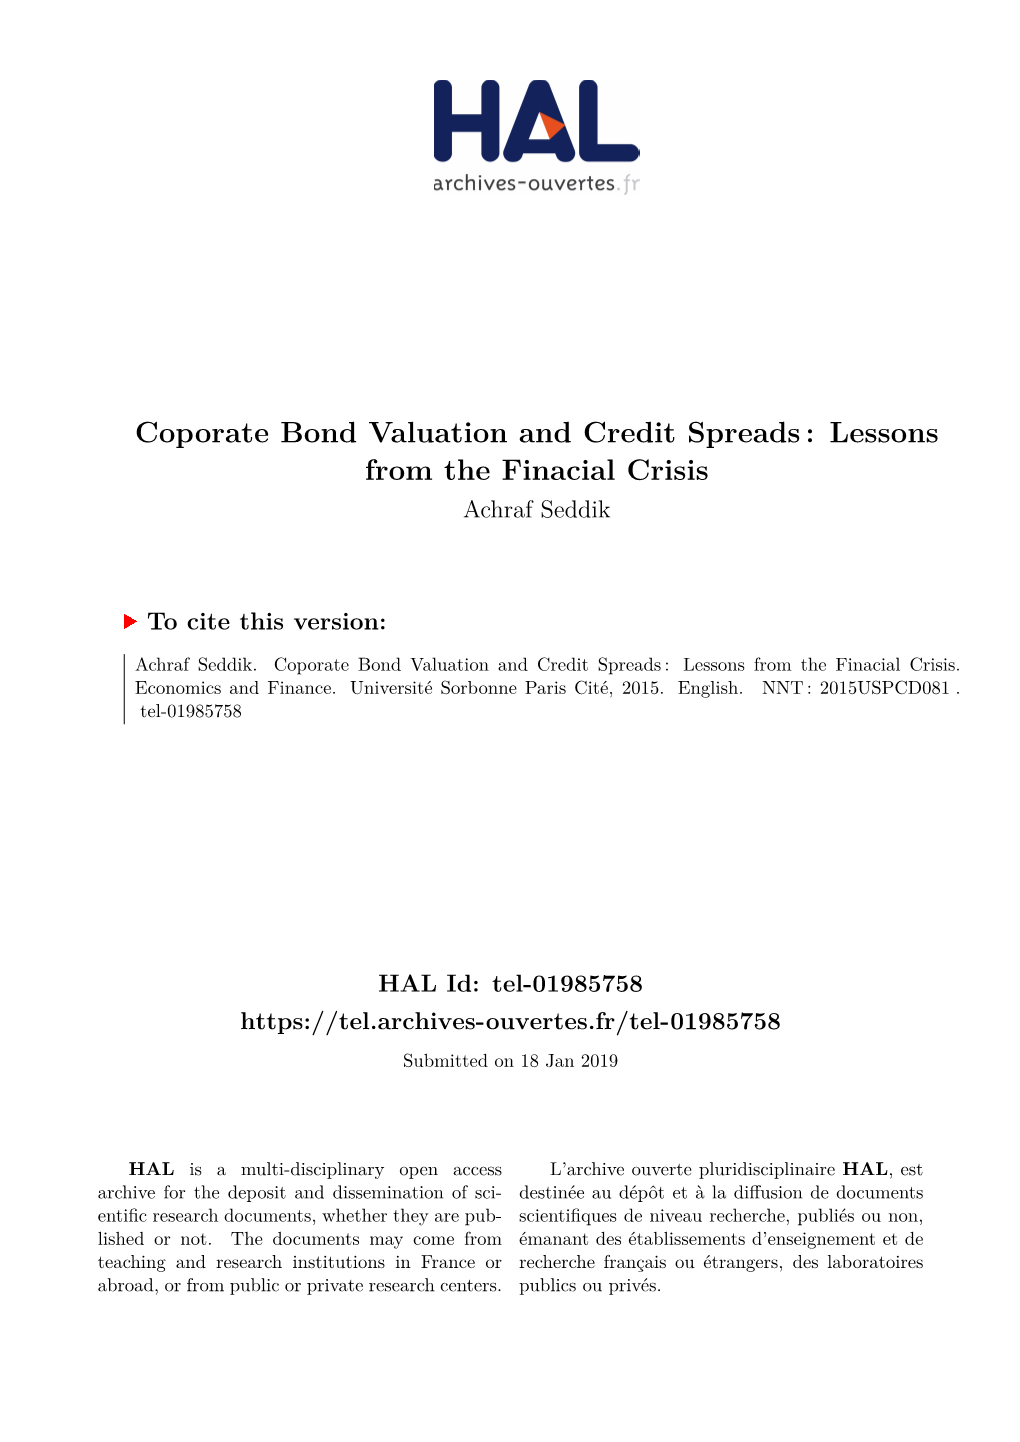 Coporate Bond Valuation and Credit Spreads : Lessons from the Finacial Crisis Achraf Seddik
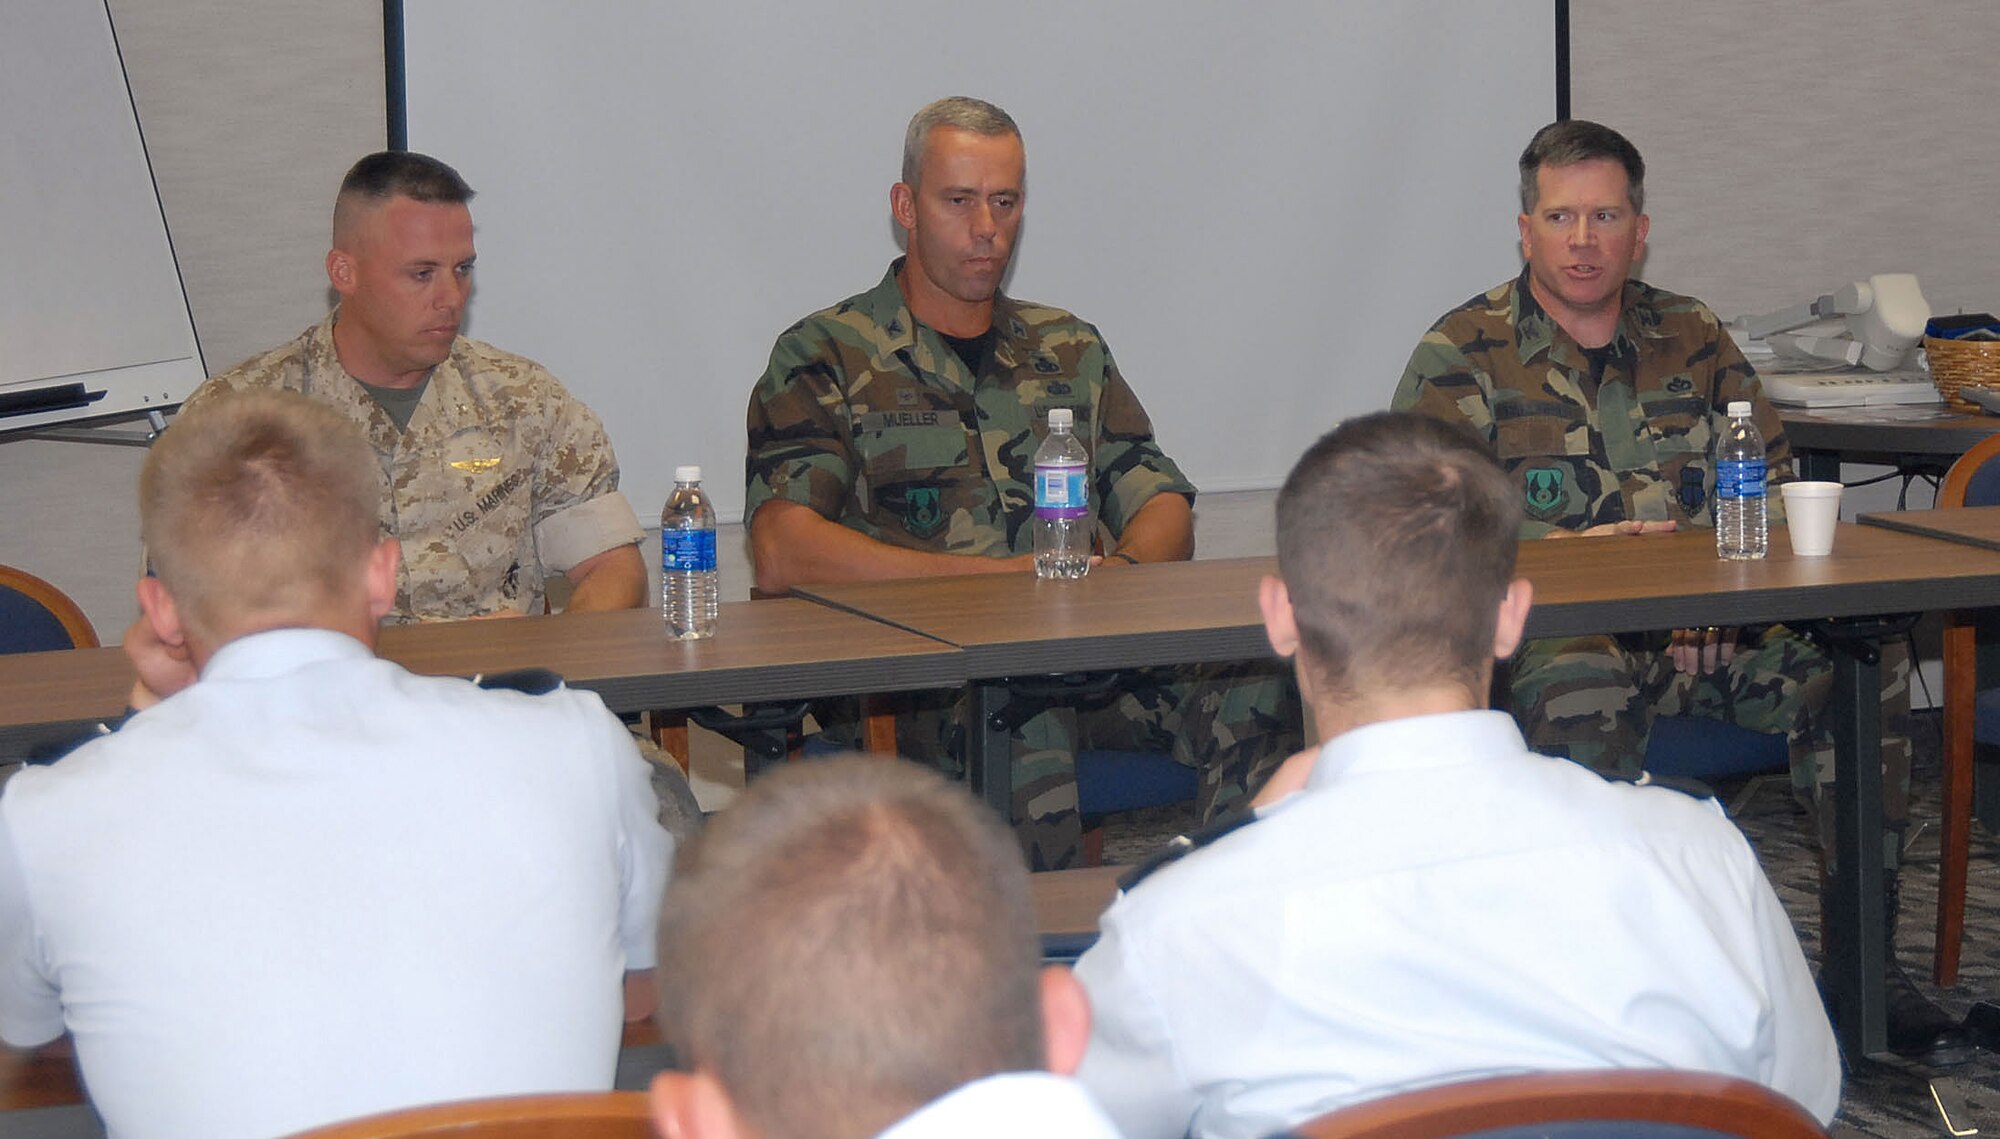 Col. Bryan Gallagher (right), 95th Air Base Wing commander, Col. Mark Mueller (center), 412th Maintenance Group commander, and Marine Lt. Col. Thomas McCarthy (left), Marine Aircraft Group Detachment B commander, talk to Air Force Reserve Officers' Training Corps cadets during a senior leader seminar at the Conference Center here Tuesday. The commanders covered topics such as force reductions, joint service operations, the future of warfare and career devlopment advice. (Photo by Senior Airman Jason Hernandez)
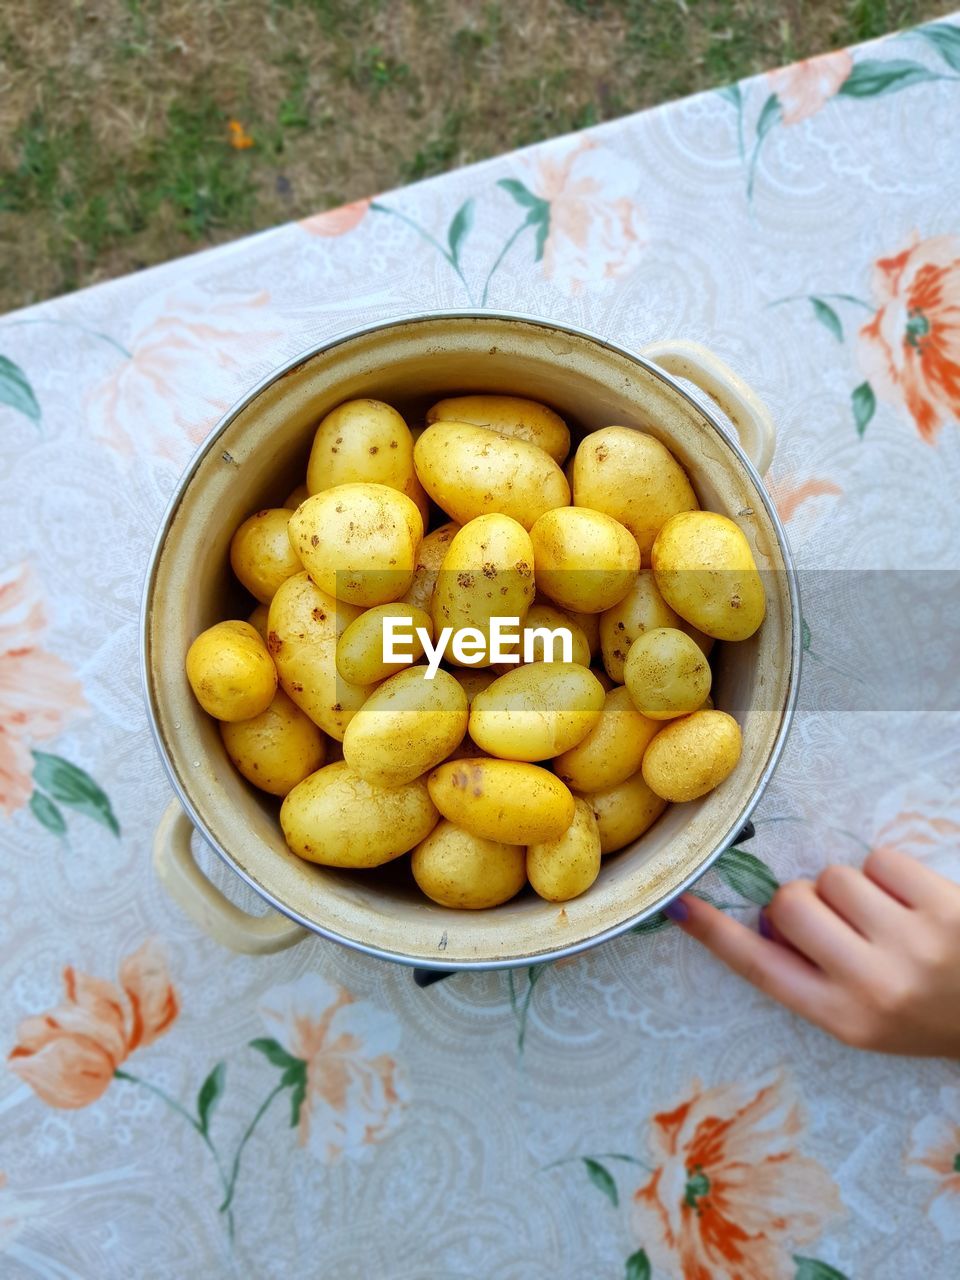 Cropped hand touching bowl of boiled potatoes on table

Assigned task:
Would you write out the material above in full, exactly as given, except for its pictures?

Solution for this problem:
 Coporate Bond Valuation and Credit Spreads : Lessons from the Finacial Crisis Achraf Seddik
 Col. Bryan Gallagher (right), 95th Air Base Wing commander, Col. Mark Mueller (center), 412th Maintenance Group commander, and Marine Lt. Col. Thomas McCarthy (left), Marine Aircraft Group Detachment B commander, talk to Air Force Reserve Officers' Training Corps cadets during a senior leader seminar at the Conference Center here Tuesday. The commanders covered topics such as force reductions, joint service operations, the future of warfare and career devlopment advice. (Photo by Senior Airman Jason Hernandez)
 Cropped hand touching bowl of boiled potatoes on table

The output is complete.